In 1884, on the resignation, through failing health, of Archbishop Richard Chenevix Trench [q.v.], Plunket was elected archbishop of the united dioceses of Dublin, Glendalough, and Kildare, with which was combined, until 1887, the deanery of Christ Church Cathedral. It was in this position that Plunket became most widely known beyond the limits of his own church through his warm and disinterested championship of the cause of the protestant reformers in Spain. His action in this regard exposed him to considerable obloquy in England, where Plunket's action was viewed by some as an intrusion upon the episcopal domain of the Spanish Roman catholic bishops, and was deprecated by most of the Anglican bishops. In Ireland it excited not a little disapproval among members of his own communion, though from a different standpoint. Plunket's persistent exertions in this cause extended over eighteen years; he undertook three separate journeys to Spain to satisfy himself of the reality of the reformation, and gave money without stint in its support. In 1894 he determined that the time for conferring consecration on Senor Cabrera, the leader of the movement in Spain, had arrived, and on communicating his resolution to the Irish bishops to visit Spain in company with two other members of their body, the majority of his brother prelates declined to oppose his action. He accordingly left Ireland in the autumn of 1894, accompanied by the bishops of Clogher and Down, and on 23 Sept. of that year the ceremony of consecration was performed.

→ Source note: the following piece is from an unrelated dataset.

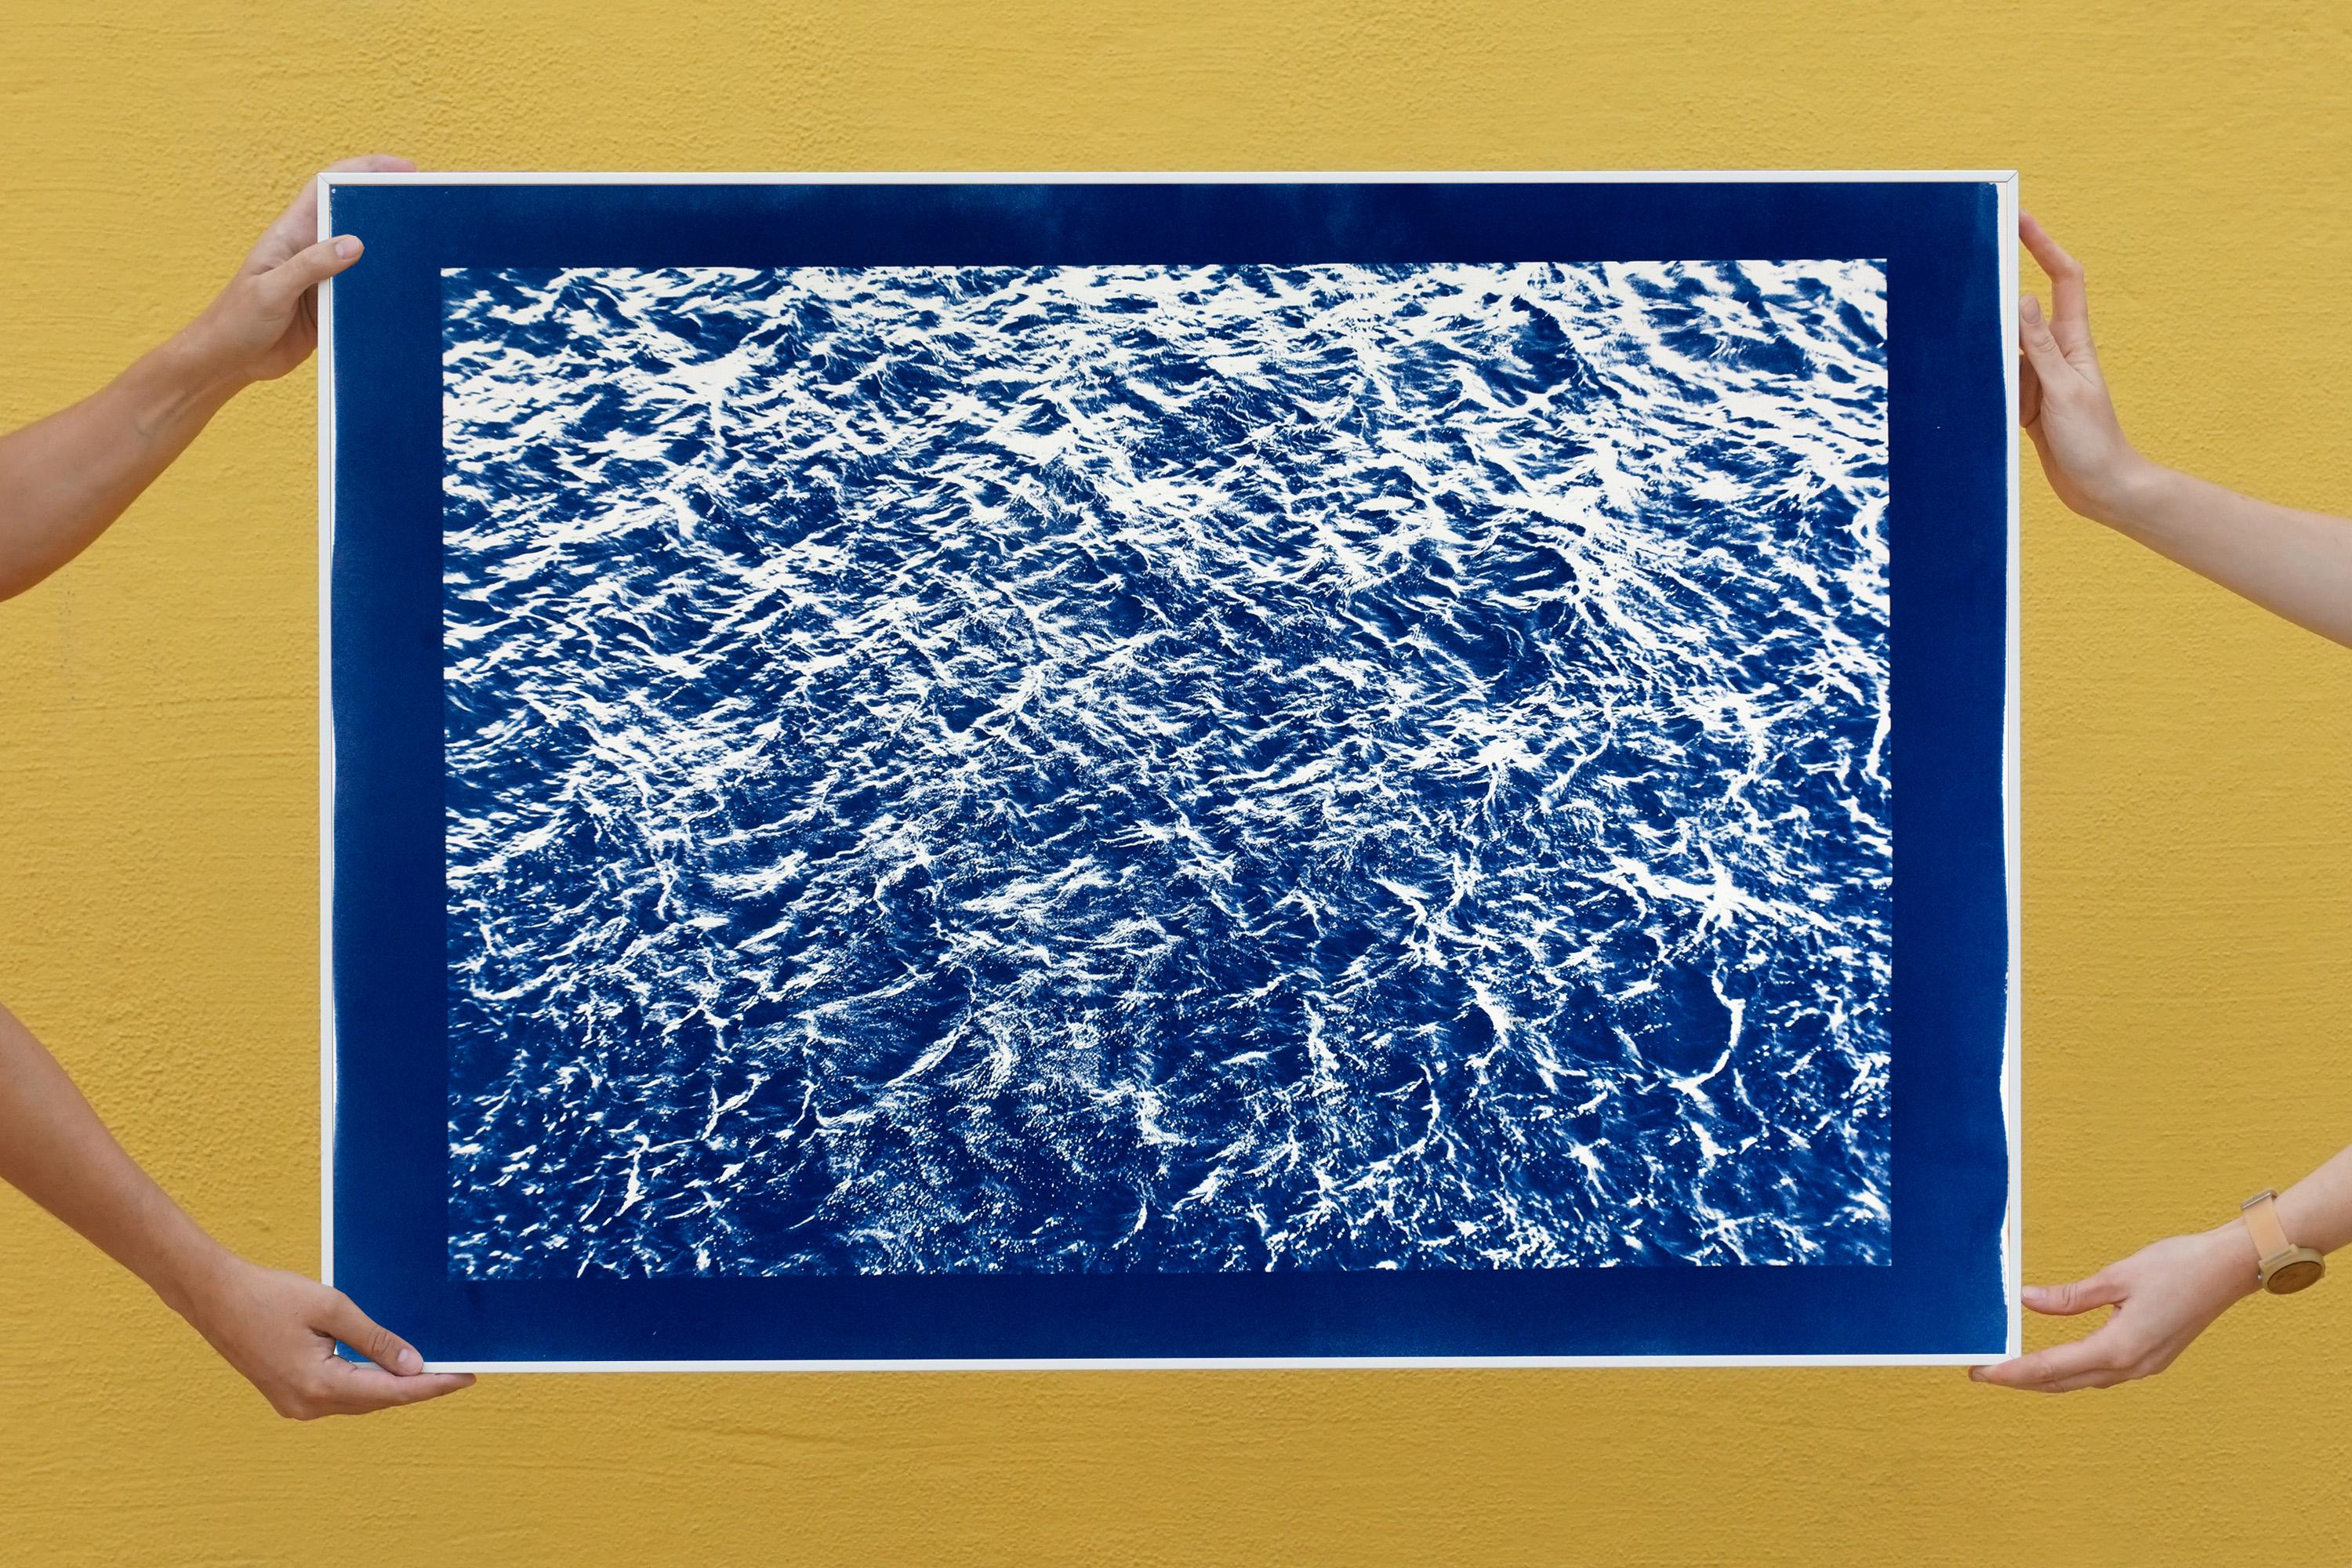 Extra Large Cyanotype Seascape of Pacific Ocean Currents, Nautical Blue & White - Purple Landscape Photograph by Kind of Cyan

Almost as keen as his interest in the Spanish reformers was Plunket's sympathy with the reformed church in Italy. In 1886 he became president and chairman of the Italian Reform Association, and was active in his support of Count Campello and the leaders of that body. In his efforts in their behalf he was fortunately able to act in cooperation with the English bishops, and thus his Italian labours earned him none of the odium which his intervention in Spain excited.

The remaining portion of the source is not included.